For these reasons, the field of natural language processing (NLP) emerged in tandem with the earliest developments in artificial intelligence. Indeed, initial work on the NLP problem of machine translation, including the famous Georgetown-IBM demonstration in 1954, slightly preceded the coining of the term “artificial intelligence” in 1956.3 In this essay, I give a brief outline of the history of natural language processing. I then describe the dramatic recent developments in NLP coming from the use of large artificial neural network models trained on very large amounts of data. I trace the dramatic progress that has been made in building effective NLP systems using these techniques, and conclude with some thoughts on what these models achieve and where things will head next.
The history of natural language processing until now can be roughly divided into four eras. The first era runs from 1950 to 1969. NLP research began as research in machine translation. It was imagined that translation could quickly build on the great successes of computers in code breaking during World War II. On both sides of the Cold War, researchers sought to develop systems capable of translating the scientific output of other nations. Yet, at the beginning of this era, almost nothing was known about the structure of human language, artificial intelligence, or machine learning. The amount of computation and data available was, in retrospect, comically small. Although initial systems were promoted with great fanfare, the systems provided little more than word-level translation lookups and some simple, not very principled rule-based mechanisms to deal with the inflectional forms of words (morphology) and word order.
The second era, from 1970 to 1992, saw the development of a whole series of NLP demonstration systems that showed sophistication and depth in handling phenomena like syntax and reference in human languages.

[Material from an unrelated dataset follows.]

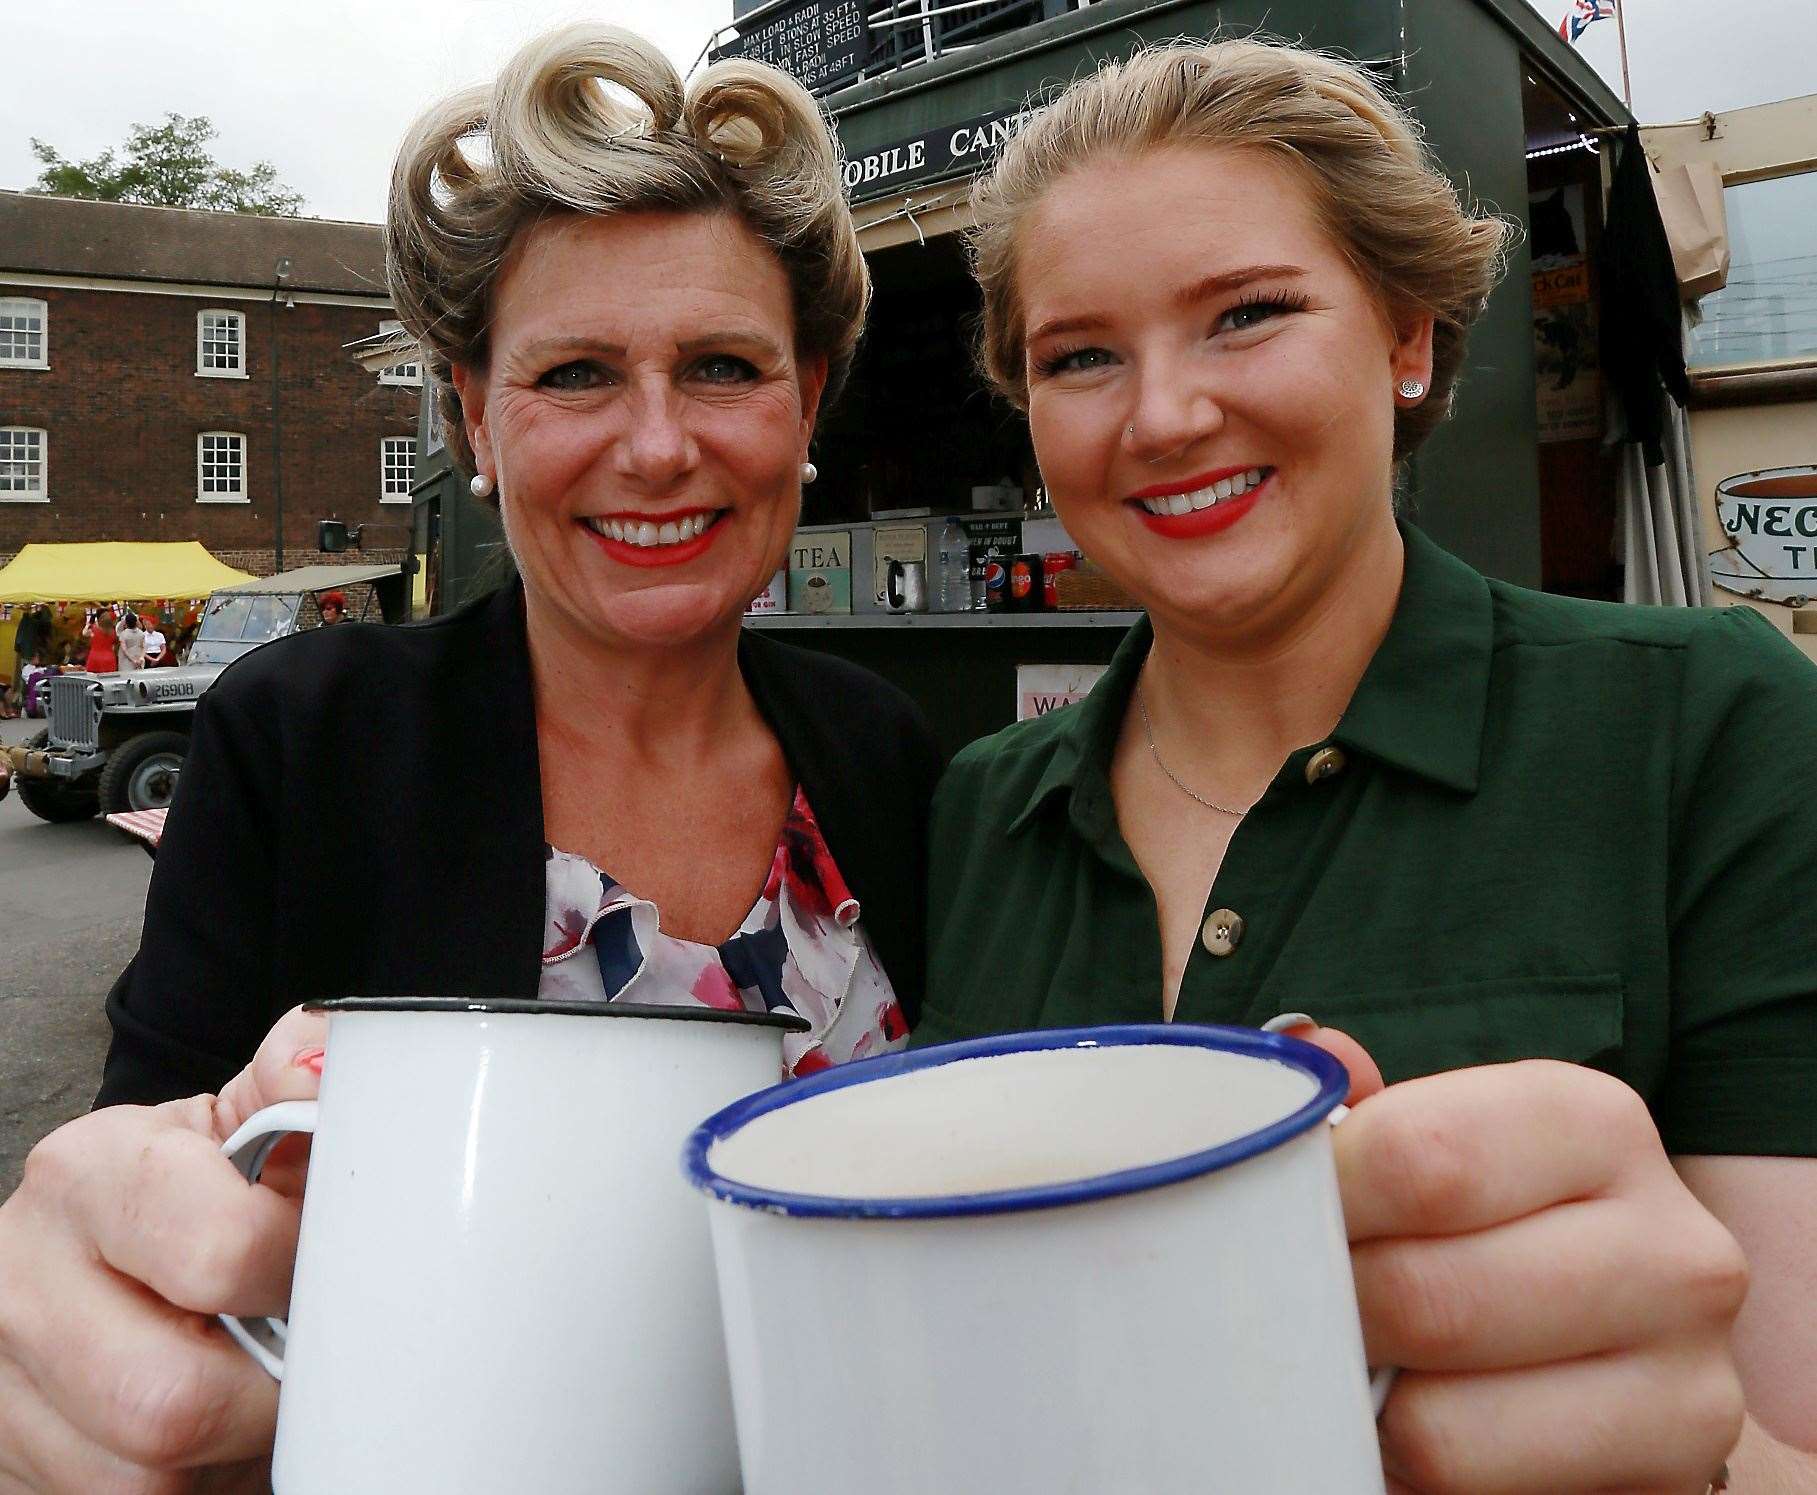 Keep calm and celebrate VE Day 75 40s style - Pictured Joanne Butler (left) and Jayme Goodger at last year's Salute to the 40s at the Historic Dockyard Chatham. The event is currently scheduled for September, government restrictions permitting Picture: Phil Lee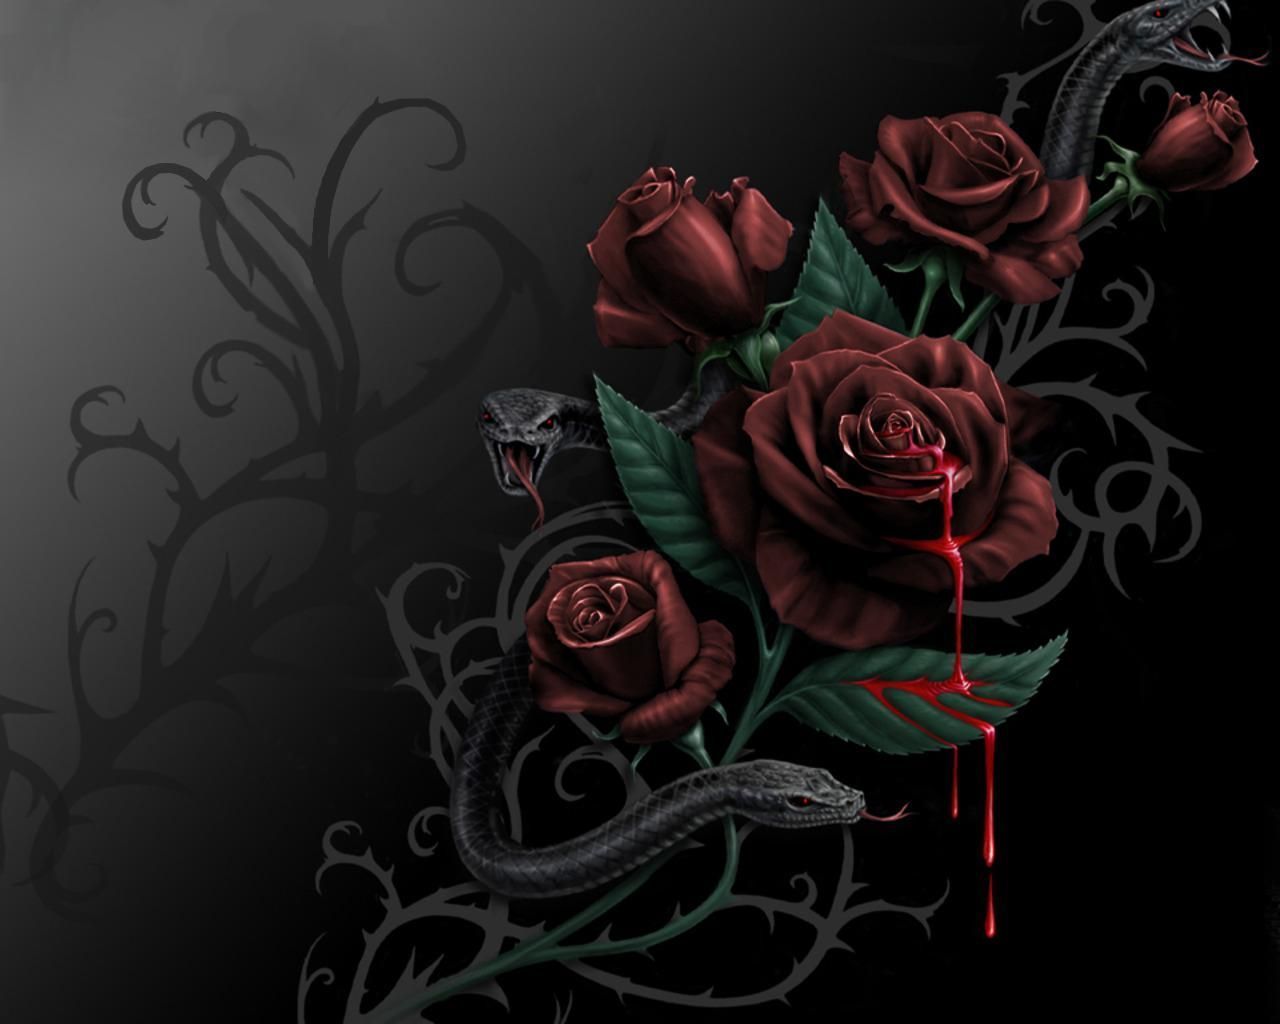 The Snake And The Rose wallpaper - Digital Art wallpapers - #35999 - Blood

These systems included SHRDLU by Terry Winograd, LUNAR by Bill Woods, Roger Schank’s systems such as SAM, Gary Hendrix’s LIFER, and GUS by Danny Bobrow.4 These were all hand-built, rule-based systems, but they started to model and use some of the complexity of human language understanding. Some systems were even deployed operationally for tasks like database querying.5 Linguistics and knowledge-based artificial intelligence were rapidly developing, and in the second decade of this era, a new generation of hand-built systems emerged, which had a clear separation between declarative linguistic knowledge and its procedural processing, and which benefited from the development of a range of more modern linguistic theories.
However, the direction of work changed markedly in the third era, from roughly 1993 to 2012. In this period, digital text became abundantly available, and the compelling direction was to develop algorithms that could achieve some level of language understanding over large amounts of natural text and that used the existence of this text to help provide this ability. This led to a fundamental reorientation of the field around empirical machine learning models of NLP, an orientation that still dominates the field today. At the beginning of this period, the dominant modus operandi was to get hold of a reasonable quantity of online text–in those days, text collections were generally in the low tens of millions of words– and to extract some kind of model out of these data, largely by counting particular facts. For example, you might learn that the kinds of things people capture are fairly evenly balanced between locations with people (like a city, town, or fort) and metaphorical notions (like imagination, attention, or essence). But counts on words only go so far in providing language understanding devices, and early empirical attempts to learn language structure from text collections were fairly unsuccessful.6 This led most of the field to concentrate on constructing annotated linguistic resources, such as labeling the sense of words, instances of person or company names in texts, or the grammatical structure of sentences in treebanks, followed by the use of supervised machine learning techniques to build models that could produce similar labels on new pieces of text at runtime.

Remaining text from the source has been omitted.